In step 15, a sampling ratio is determined based on the first distribution information and the second distribution information.

As described above, the first distribution information may include a first number of first samples corresponding to each fractional interval, and the second distribution information may include a second number of second samples corresponding to each fractional interval.

The above-mentioned process of determining the sampling proportion is to determine how to sample according to the difference condition of the second distribution information relative to the first distribution information, so that the sampled data set can conform to the first distribution information to form an unbiased data set.

In one possible embodiment, step 15 may comprise the steps of:

For each fractional interval, determining a ratio between a second number corresponding to the fractional interval and a first number corresponding to the fractional interval;

and determining the sampling proportion according to the minimum value in the ratio corresponding to each fractional interval.

In one possible embodiment, the minimum value of the respective ratios of each fractional interval may be directly determined as the sampling ratio.

For example, if the fractional interval includes two fractional intervals of [0,0.5 ] and [0.5,1], that is, the fractional interval corresponding to each of the negative sample and the positive sample in the two-classification model, if the first number corresponding to the fractional interval of [0,0.5 ] is 90, the second number is 5, and the first number corresponding to the fractional interval of [0.5,1] is 10, the second number is 5, the ratio corresponding to the fractional interval of [0,0.5 ] is 5/90, and the ratio corresponding to the fractional interval of [0.5,1] is 5/10, wherein the minimum value is 5/90, so that the sampling ratio can be determined to be 5/90, that is, 1/18.

By taking the minimum value in the ratio corresponding to each fractional interval as the sampling ratio, each fractional interval can be ensured to be taken as the required data.

In another possible embodiment, determining the sampling proportion according to the minimum value in the respective corresponding ratio of each fraction interval may include the following steps:

Acquiring at least one reference proportion, wherein the reference proportion is determined according to third distribution information and second distribution information, the third distribution information is used for representing the distribution condition of output scores of a target model after processing a third sample set in each score interval, and the third sample set is obtained by randomly sampling a plurality of samples from a total sample set;

the sampling ratio is determined based on the minimum value and at least one reference ratio.

The manner of determining the third distribution information is the same as that of determining the first distribution information, and each reference proportion is determined based on one third distribution information and one second distribution information, and the manner of determining the third distribution information is the same as that of determining the sampling proportion based on the first distribution information and the second distribution information, which are not described herein again.

A third sample set is obtained by randomly sampling a plurality of samples from a total number of samples, and may also be used as an unbiased sample set. This approach is equivalent to sampling a different unbiased sample set as an unbiased reference for the second distribution information, which is beneficial to better unbiased of the final formed target data set.

For example, based on the minimum value and the at least one reference ratio, a mean or median of the minimum value and the at least one reference ratio may be determined as the sampling ratio.

In this way, by sampling a plurality of unbiased sample sets, which are commonly used to determine the sampling proportion, a more excellent unbiased target data set is advantageously formed.

In step 16, a target data set is sampled from the second sample set according to the sampling proportion and the first distribution information, so that the distribution condition of the output fraction of the target data set processed by the target model in each fraction interval is matched with the first distribution information.

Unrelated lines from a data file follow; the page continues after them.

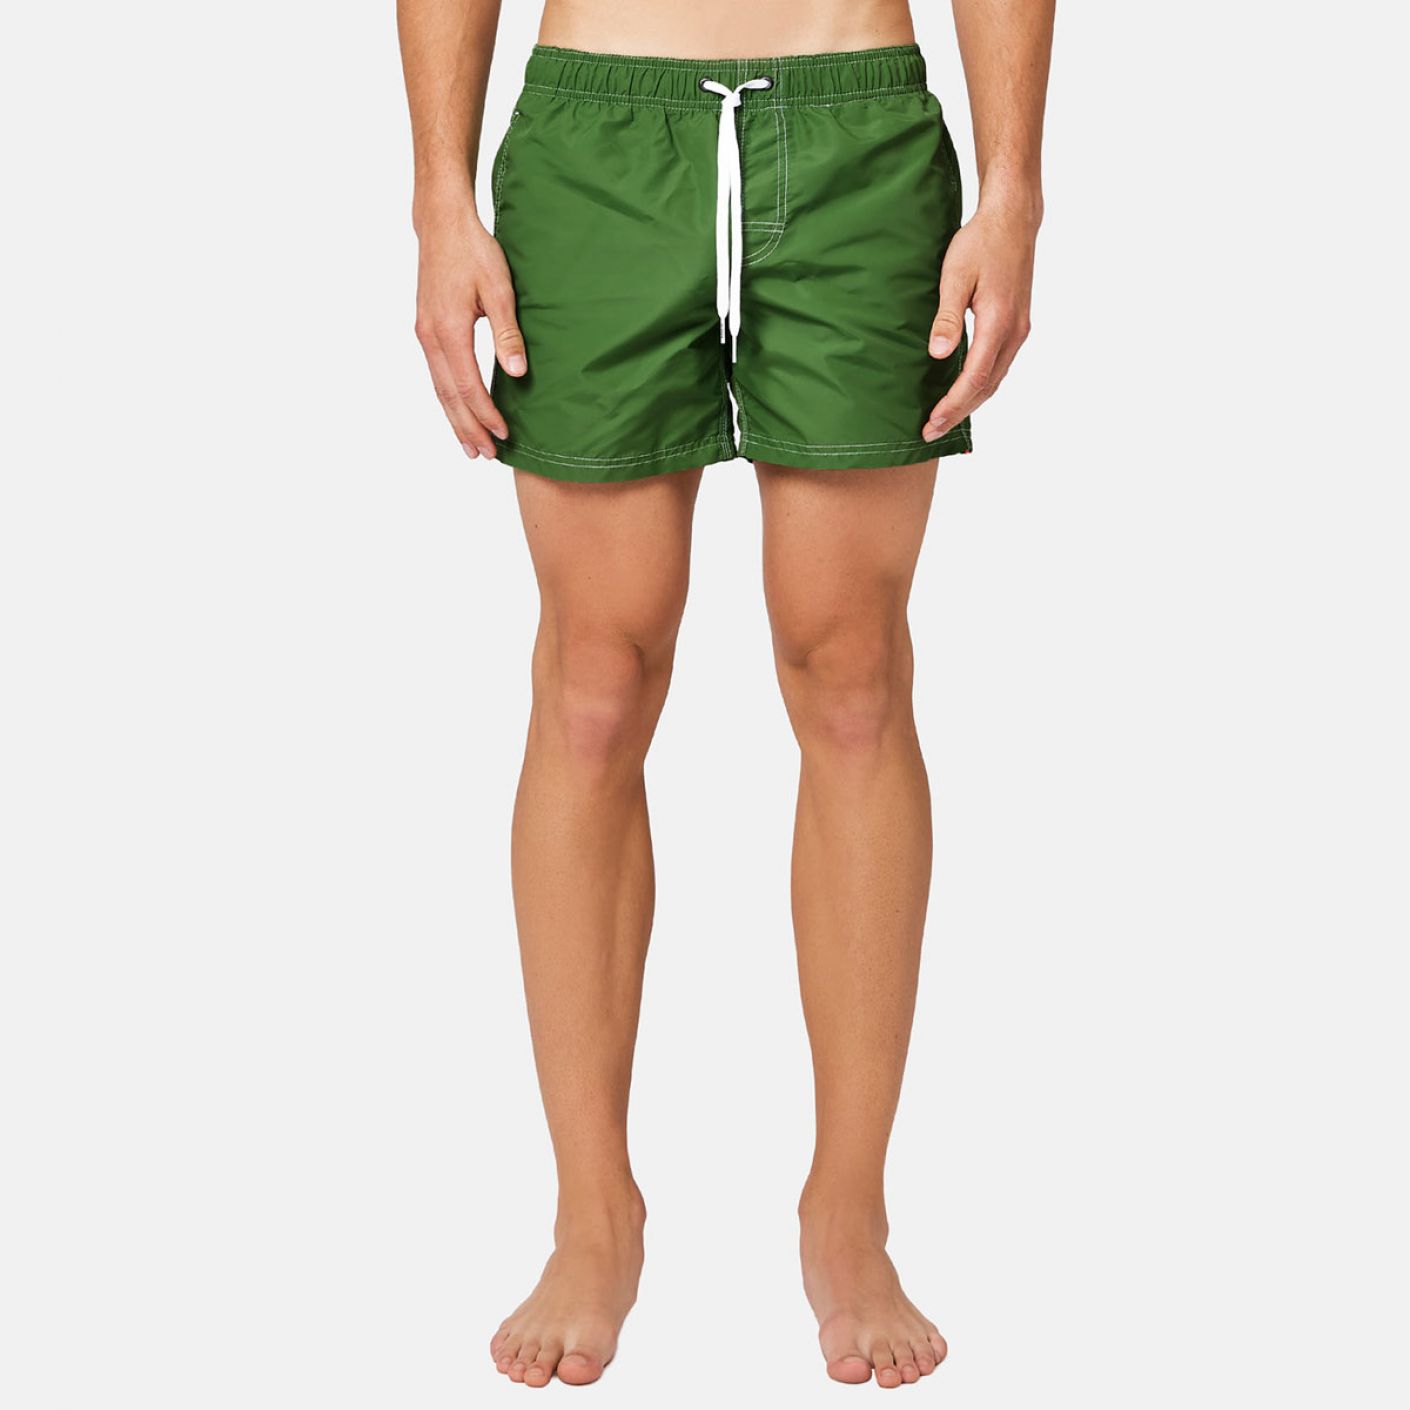 Sundek Short Green Swimsuit
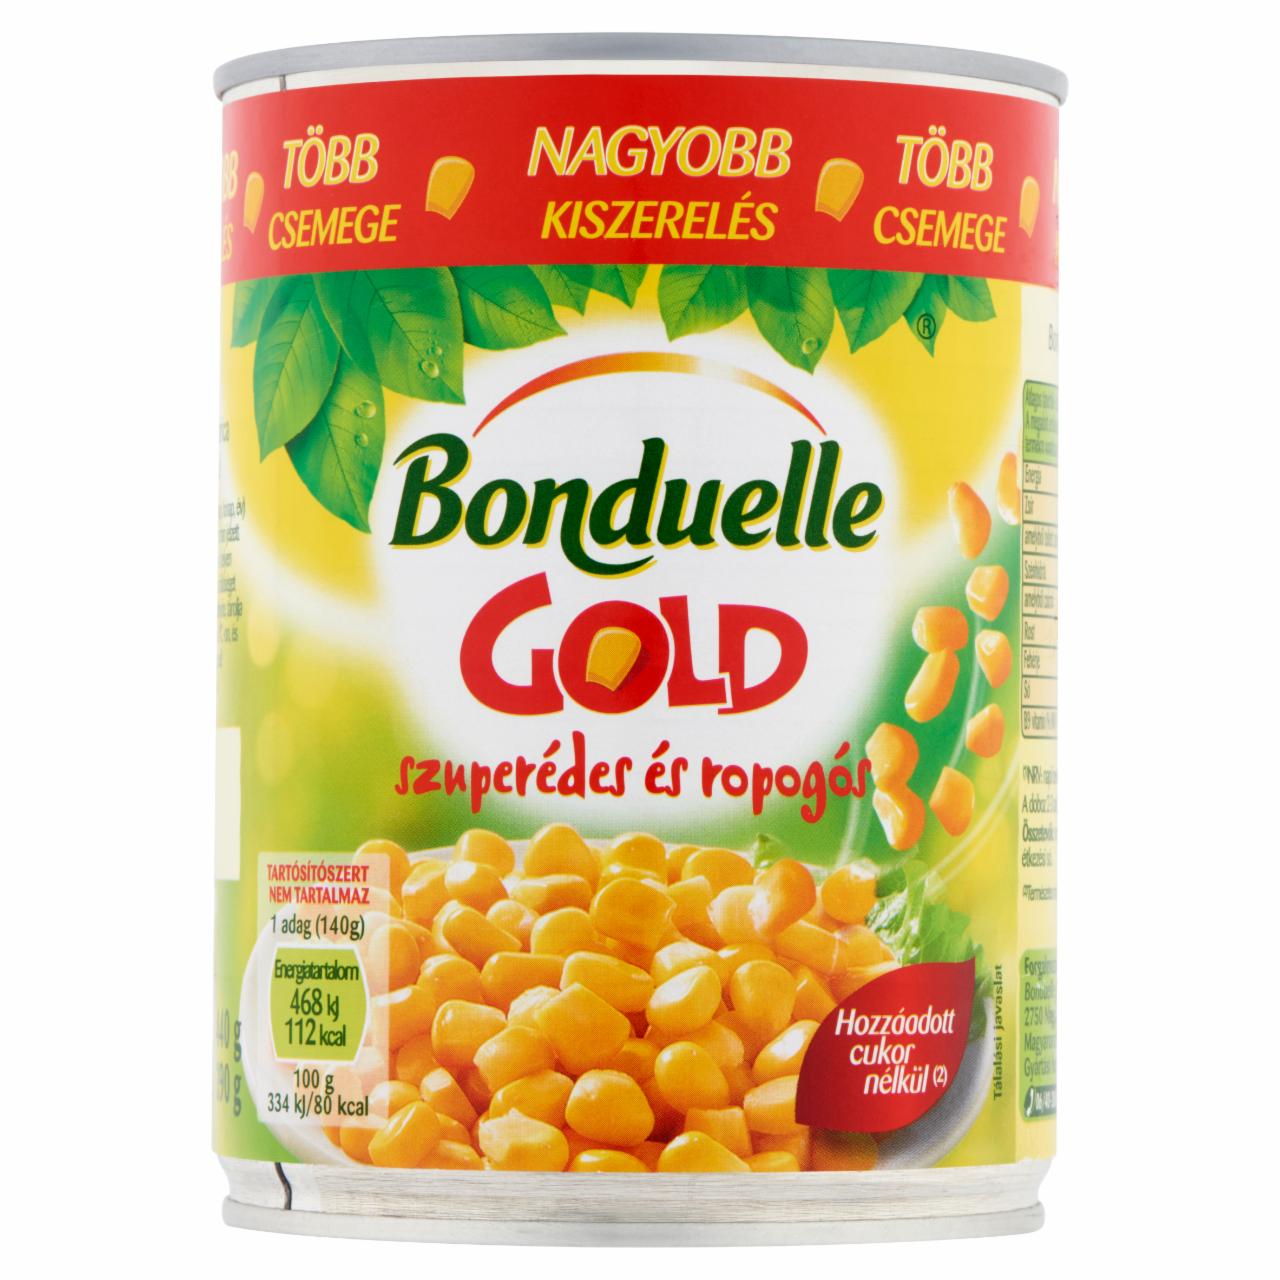 Képek - Bonduelle Gold morzsolt csemegekukorica 440 g
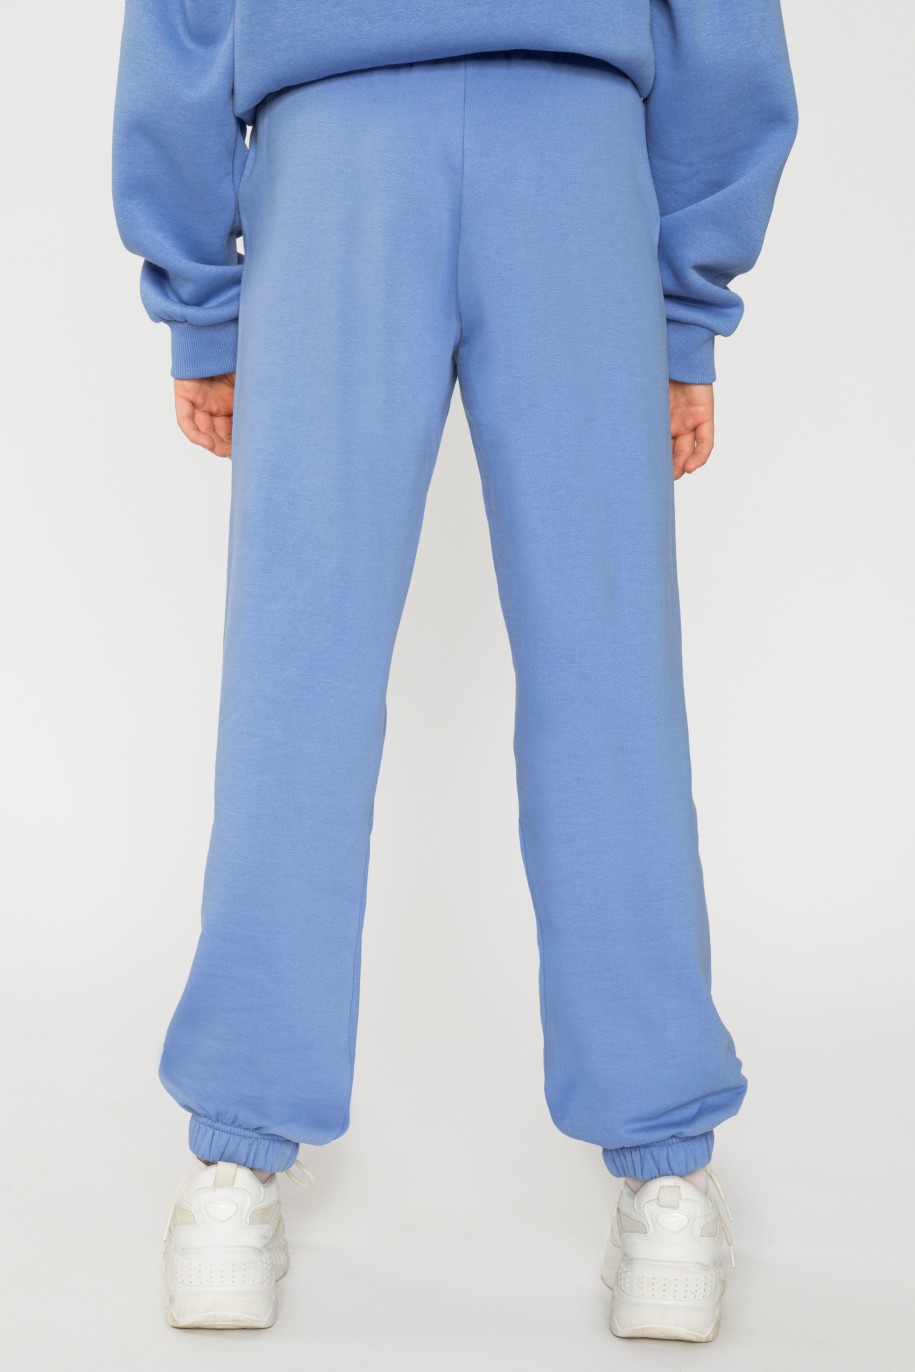 Niebieskie spodnie dresowe dla dziewczyny ze ściągaczami - 31814

In one possible embodiment, step 16 may comprise the steps of:

for each fractional interval, determining the product of the first quantity corresponding to the fractional interval and the sampling proportion as a target quantity;

sampling a target number of second samples in a second number of second samples corresponding to each fractional interval as a target sample corresponding to the fractional interval;

and generating a target data set according to the target samples corresponding to each fractional interval.

For each fractional interval, determining the product of the first quantity corresponding to the fractional interval and the sampling proportion as a target quantity. Thus, the target number of each fractional interval can simulate the number distribution proportion of the first sample set in each fractional interval.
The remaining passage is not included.